Output, exactly as written, the lines below from the one that has "logo-DILCRA-typo-2017" through the one that has "Powerbank Multilaser 4000mAh"; nothing else, and no pictures.

### [Source material]
::::::
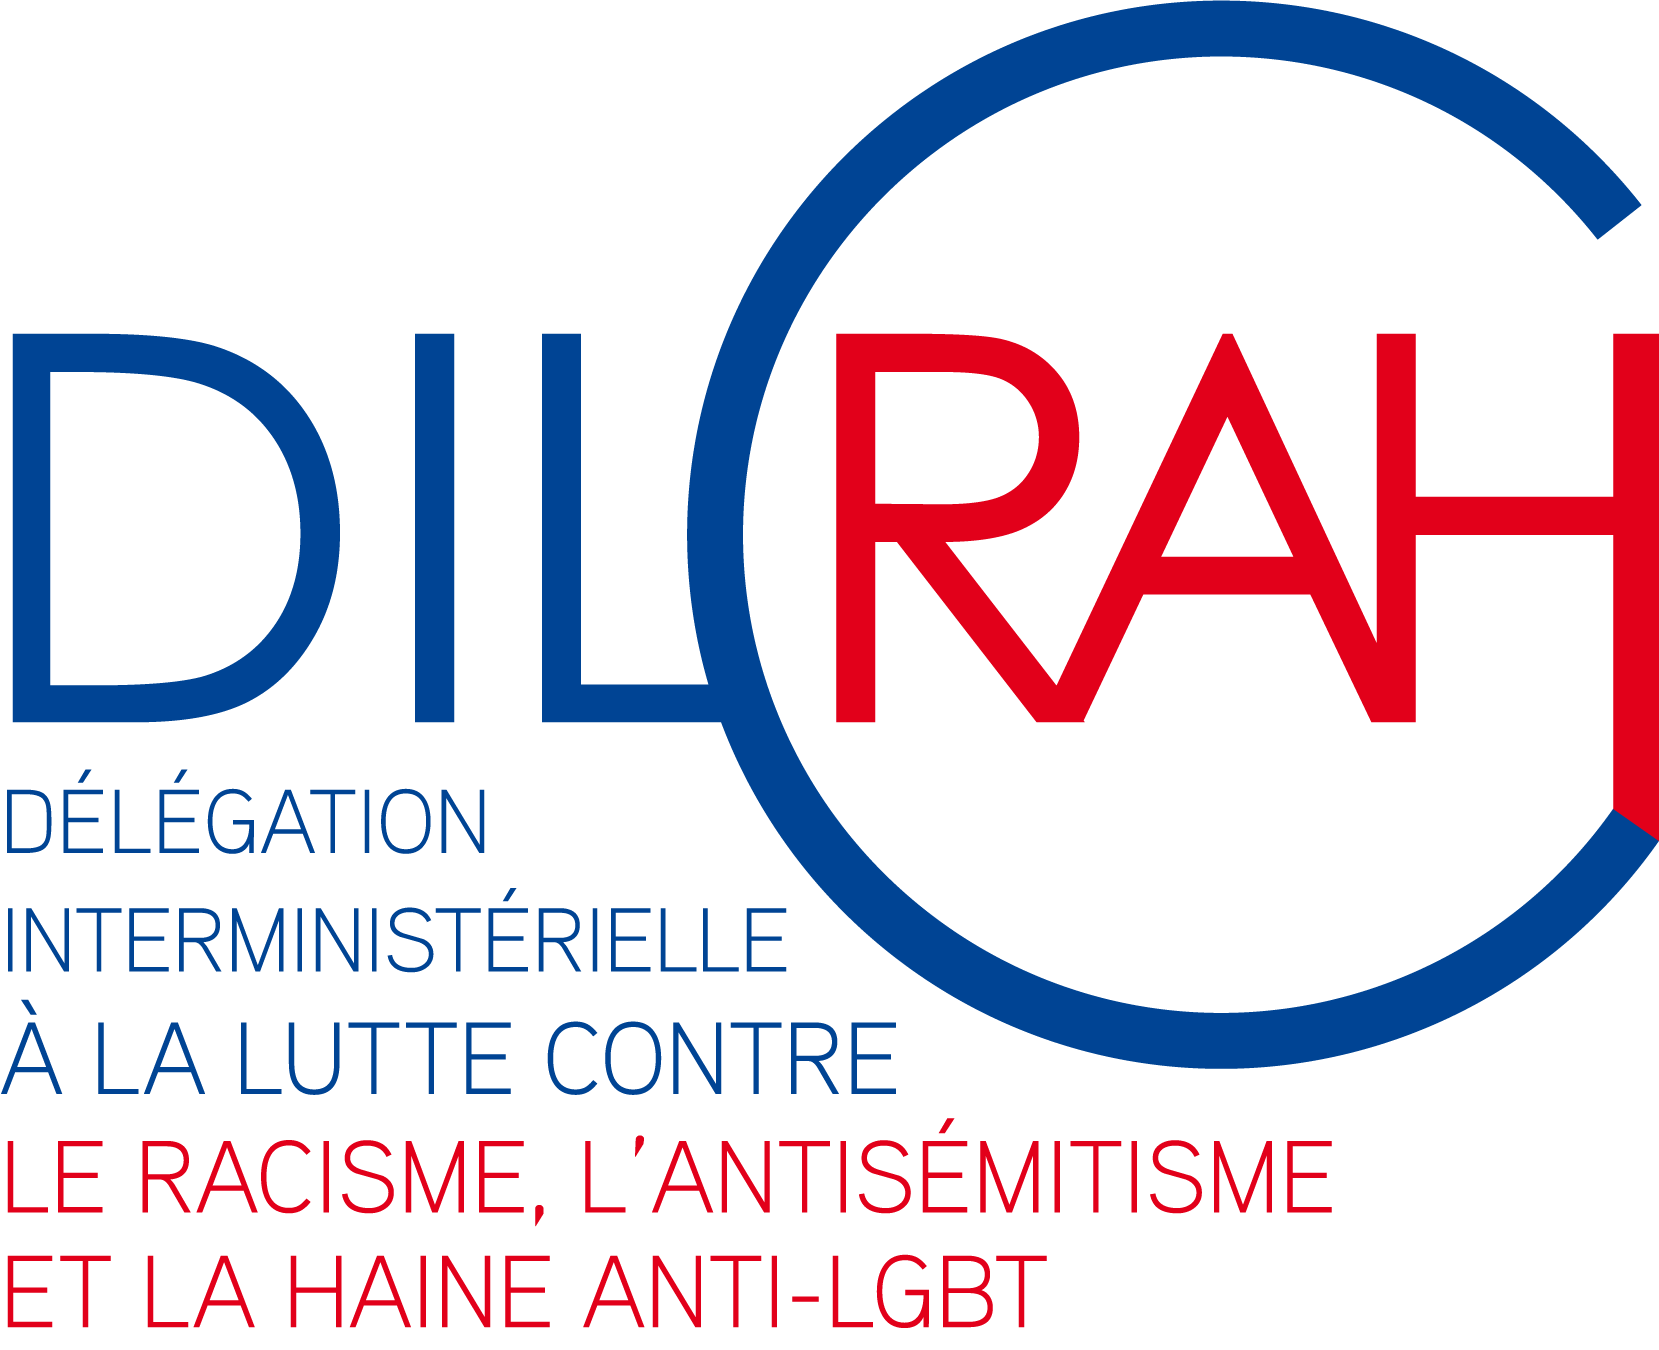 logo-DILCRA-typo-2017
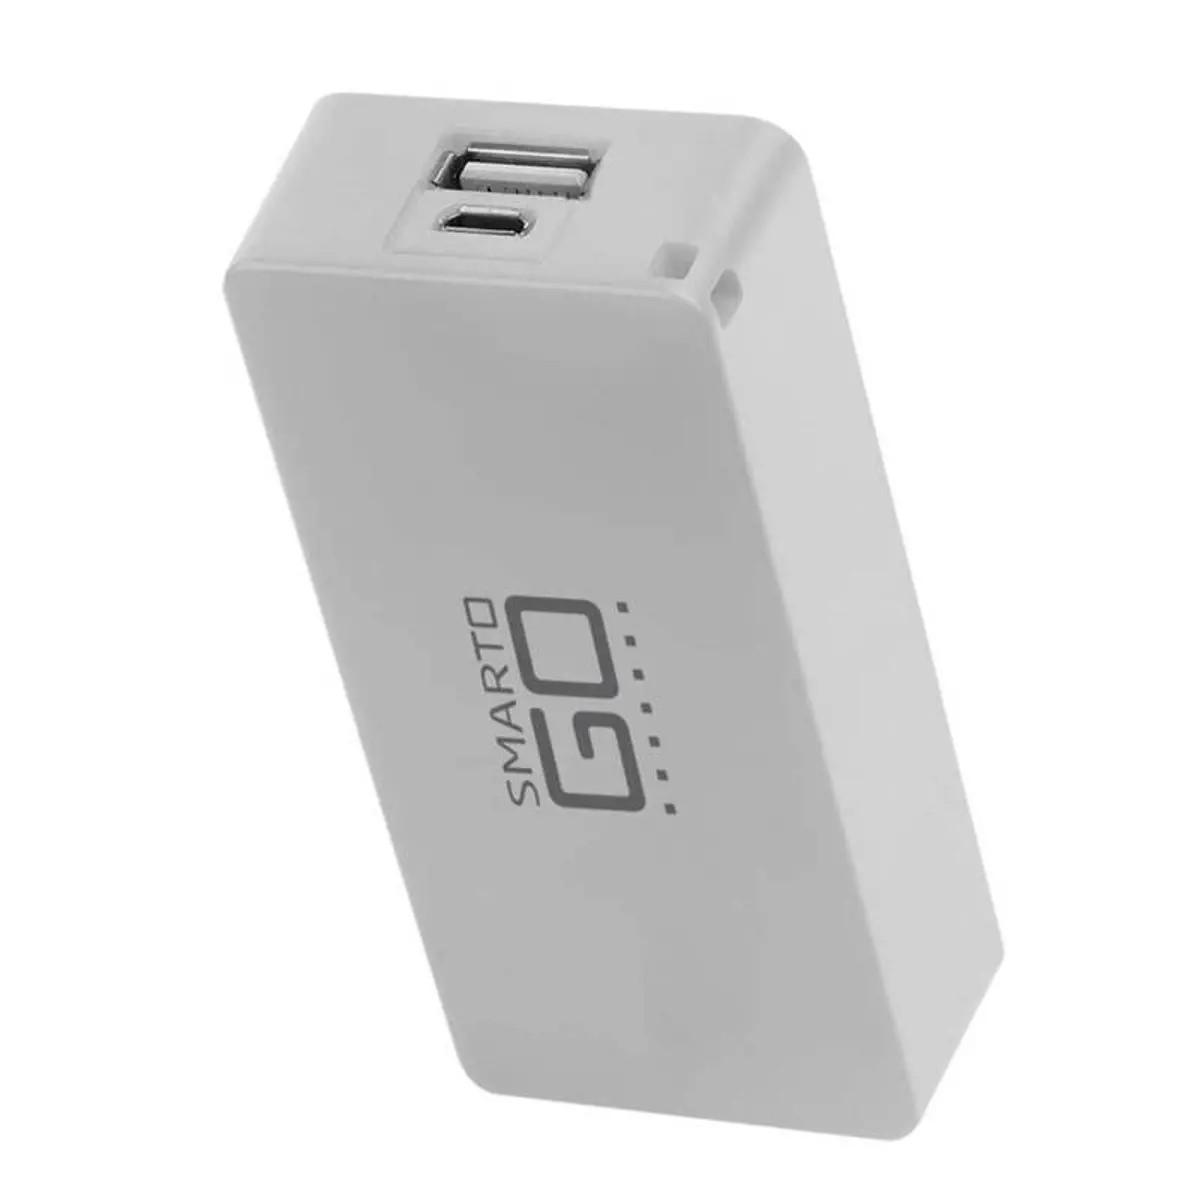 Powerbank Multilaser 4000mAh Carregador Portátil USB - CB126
::::::
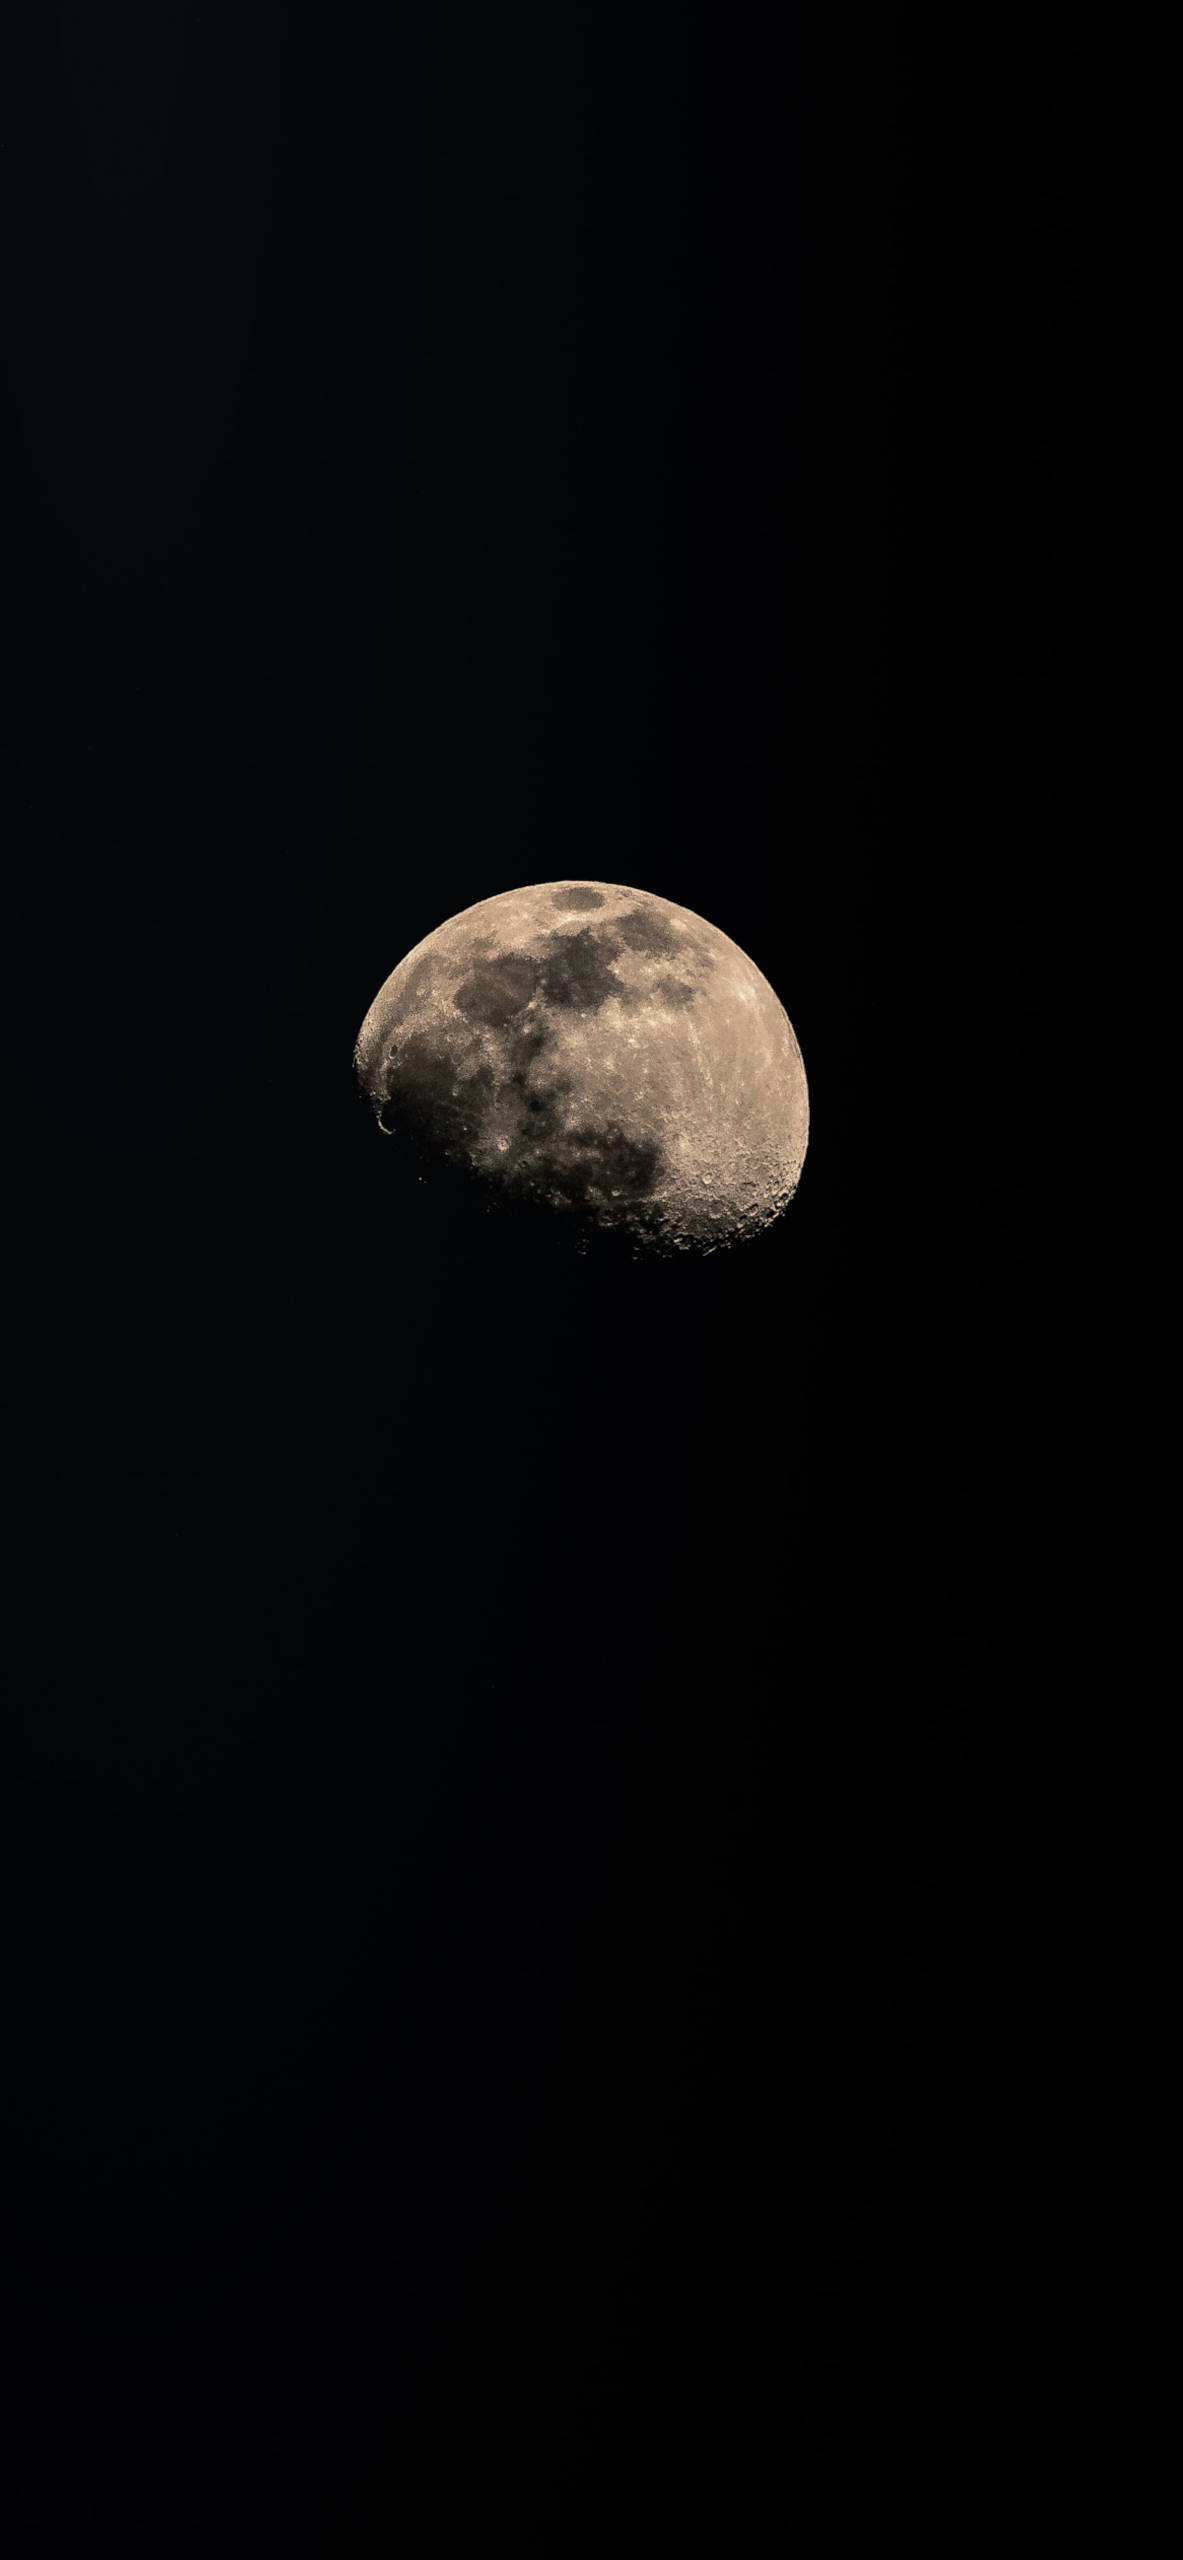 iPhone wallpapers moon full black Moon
::::::
### [Completed exercise]
 logo-DILCRA-typo-2017
 Powerbank Multilaser 4000mAh Carregador Portátil USB - CB126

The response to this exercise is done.